▶ _INFORMATION SUPPLIED_

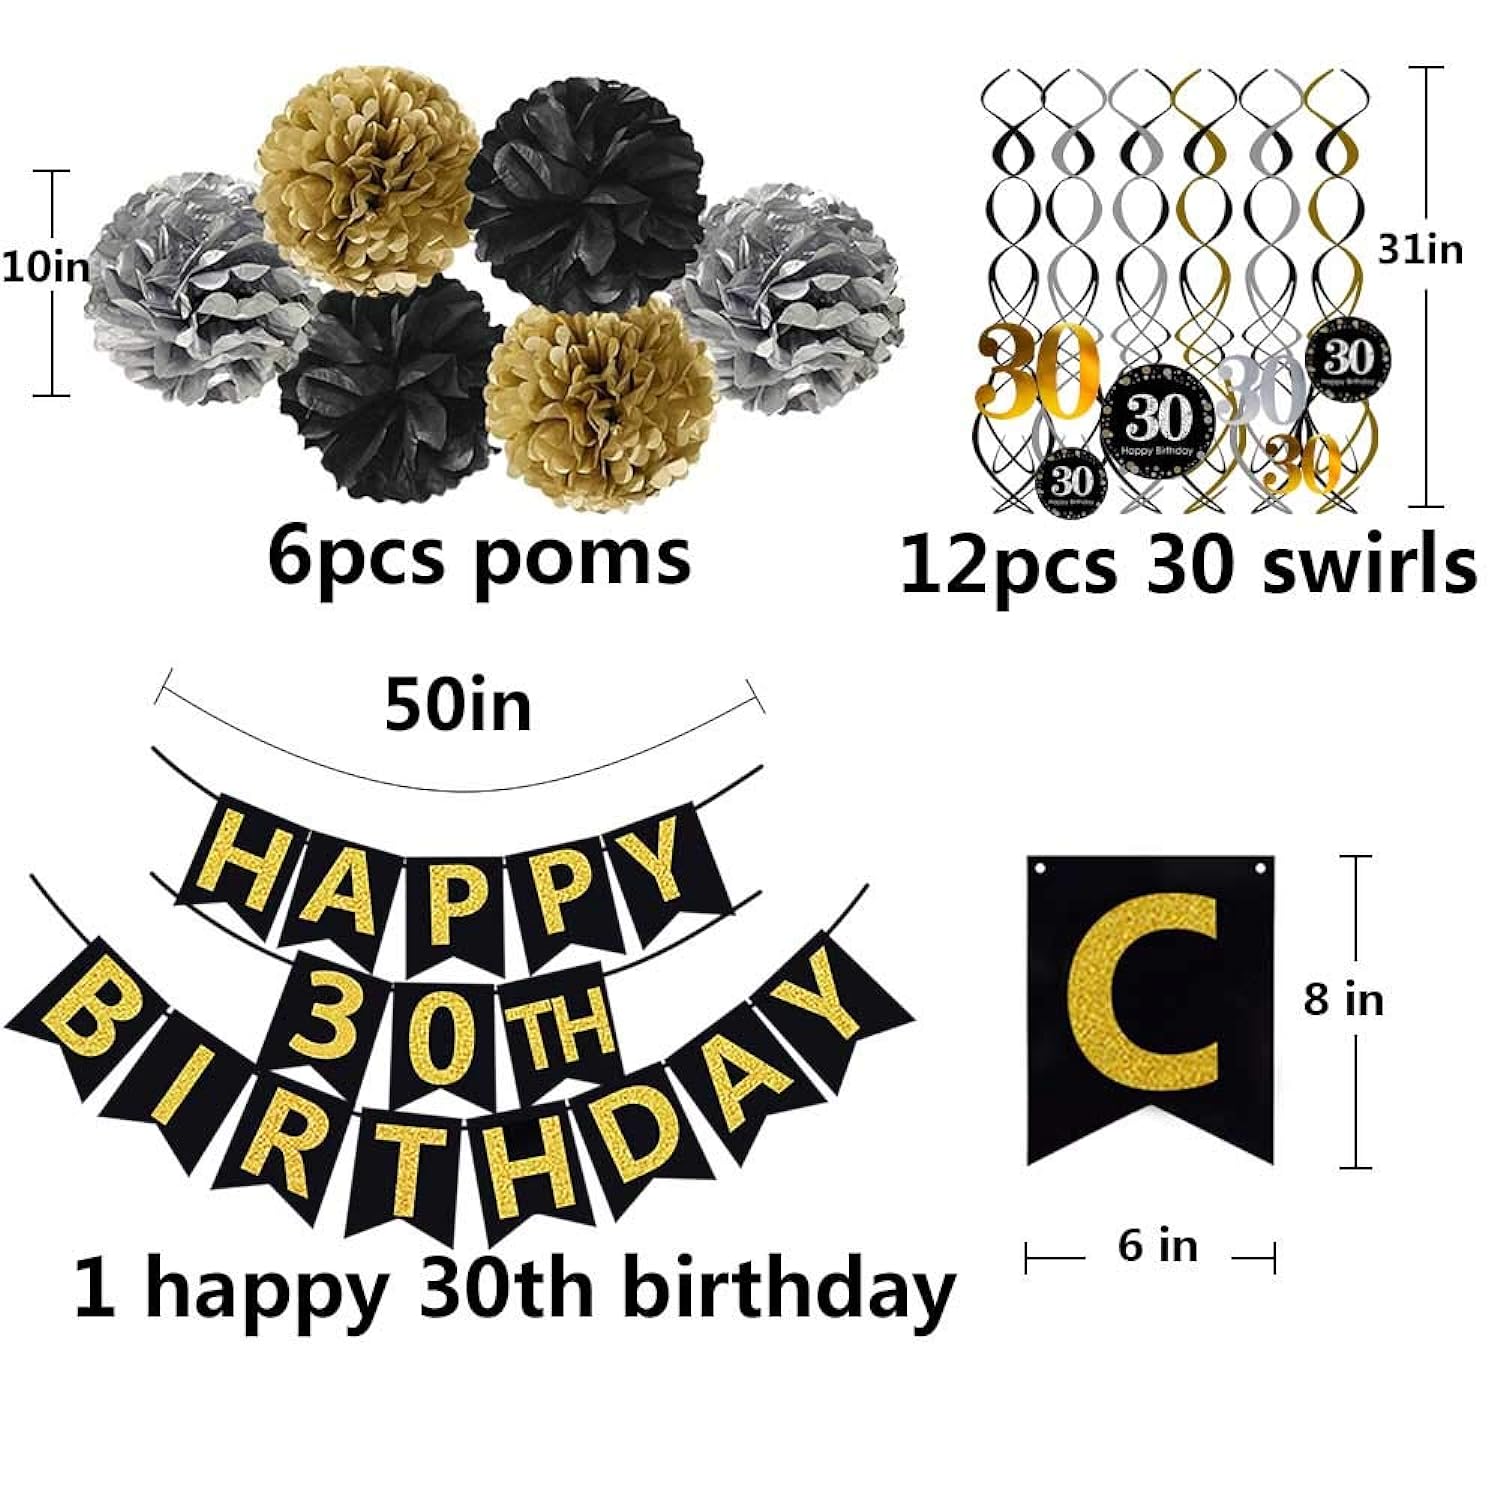 EBD Products Black & Gold Glittery Happy 30Th Birthday Banner,Poms,Sparkling 30 Hanging Swirls Kit For 30Th Birth SEA8184293
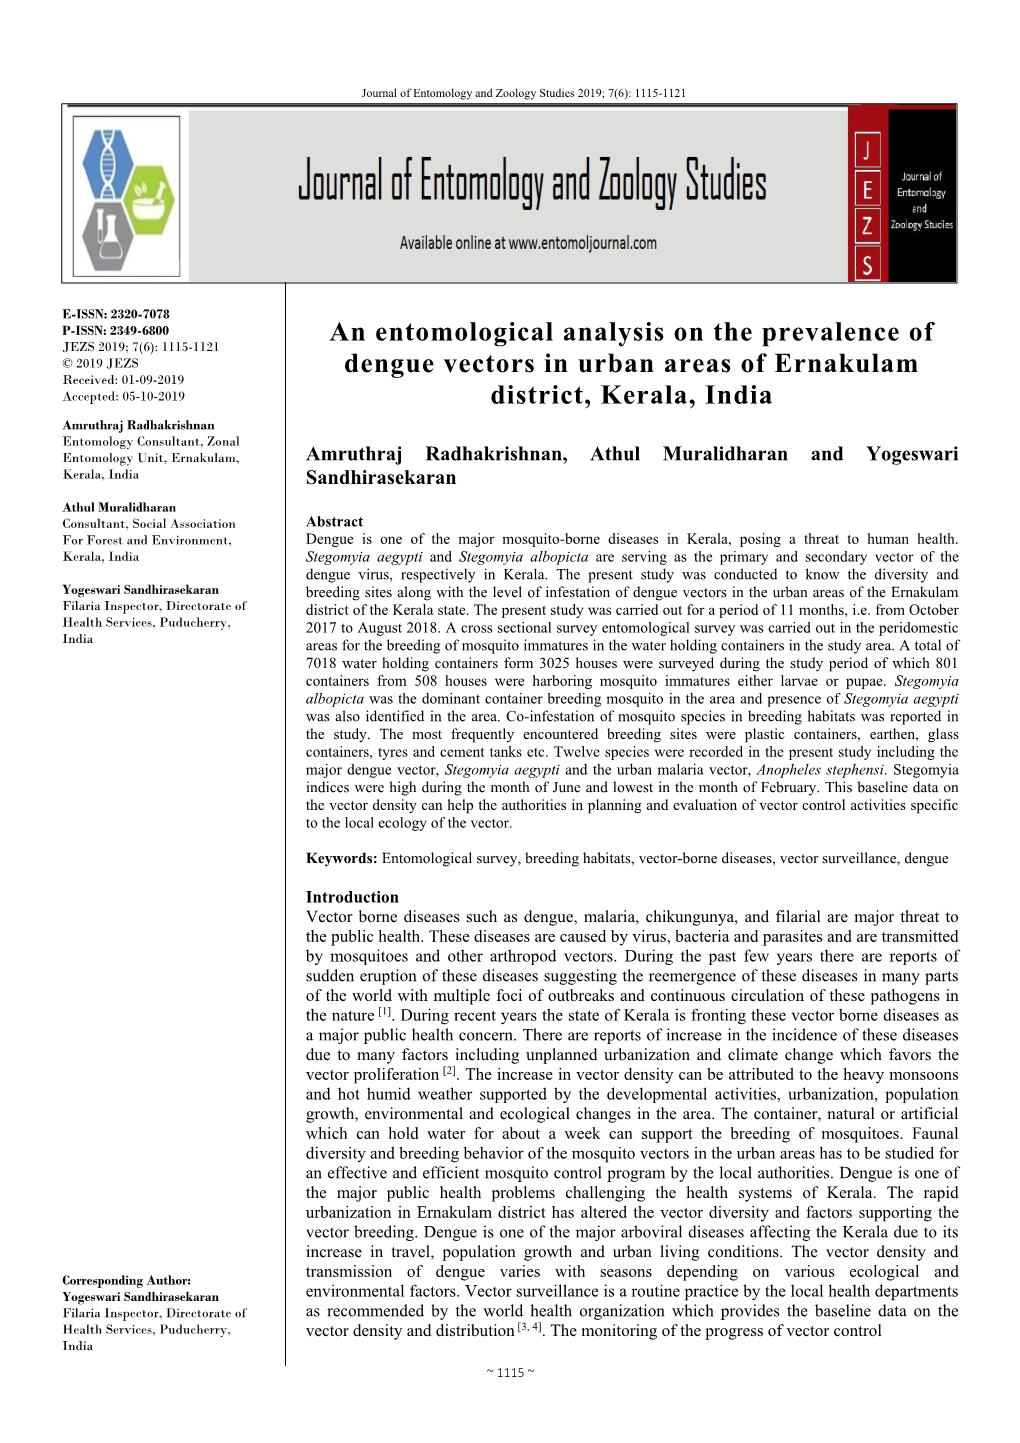 An Entomological Analysis on the Prevalence of Dengue Vectors In
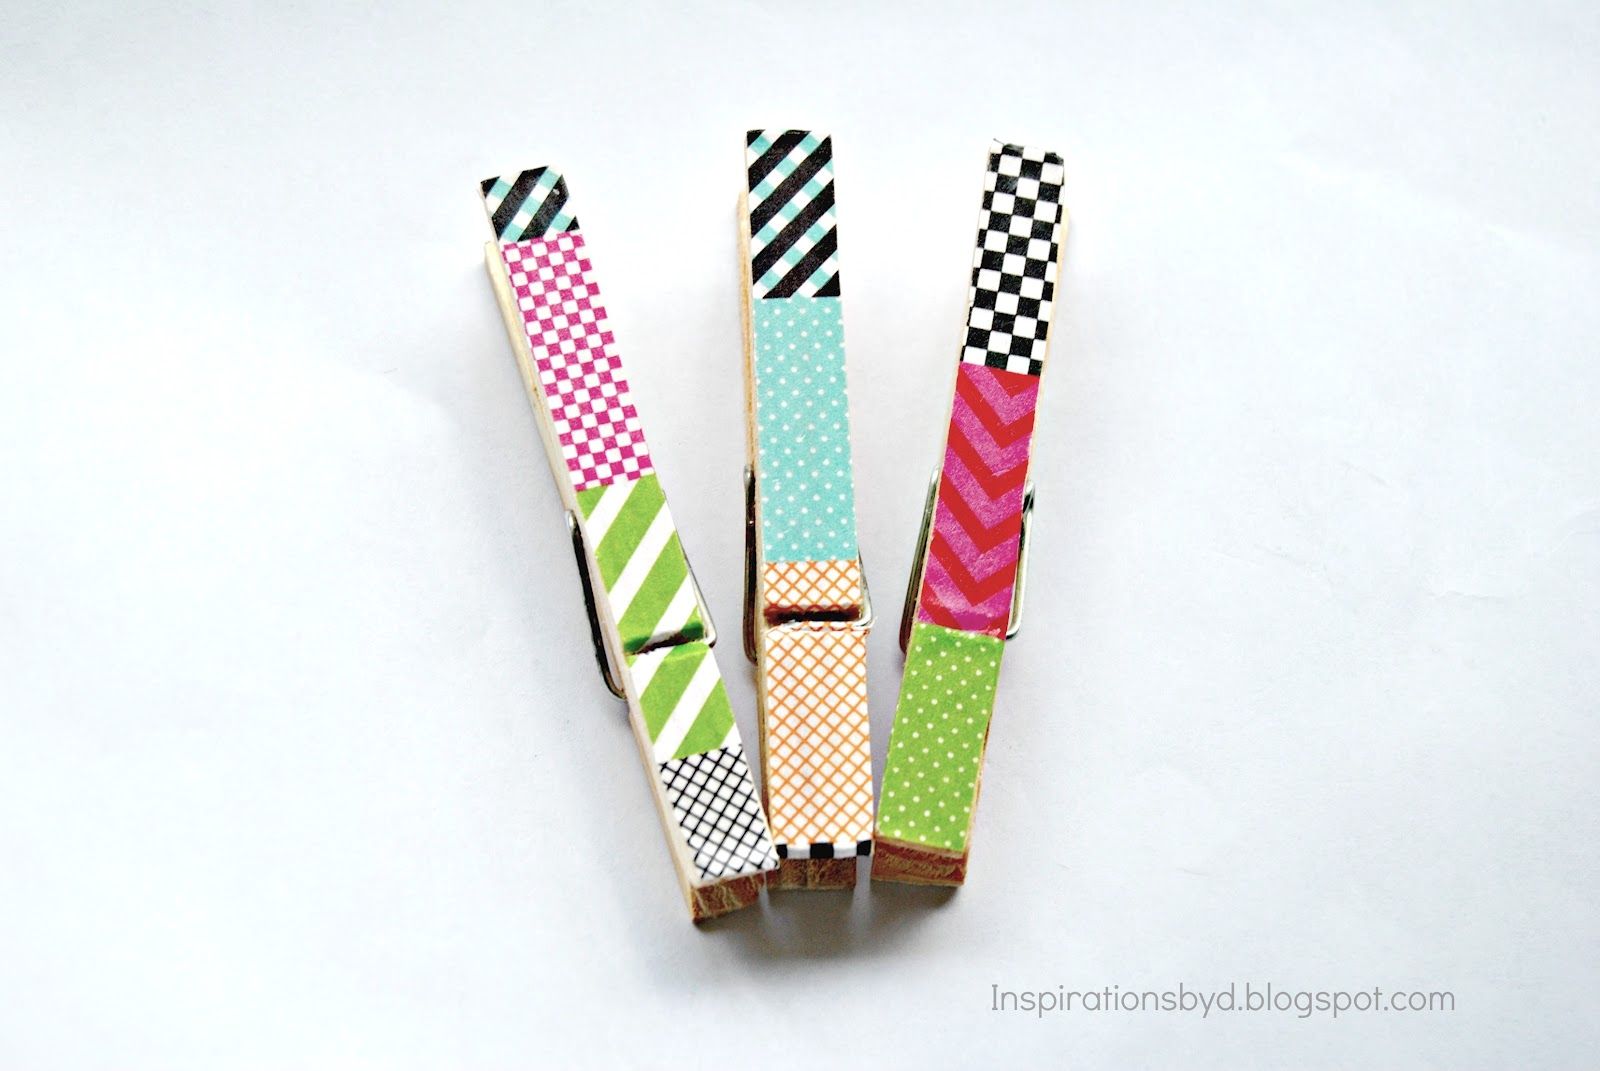 Inspirations by D: How to Decorate Clothes Pins

▶ _WORK TO BE COMPLETED_
The needed output is the lines from the one with "An Entomological Analysis" through the end of the listing, written out exactly, both ends included, pictures excluded.

▶ _ANSWER FOR THIS EXERCISE_
 An Entomological Analysis on the Prevalence of Dengue Vectors In
 Inspirations by D: How to Decorate Clothes Pins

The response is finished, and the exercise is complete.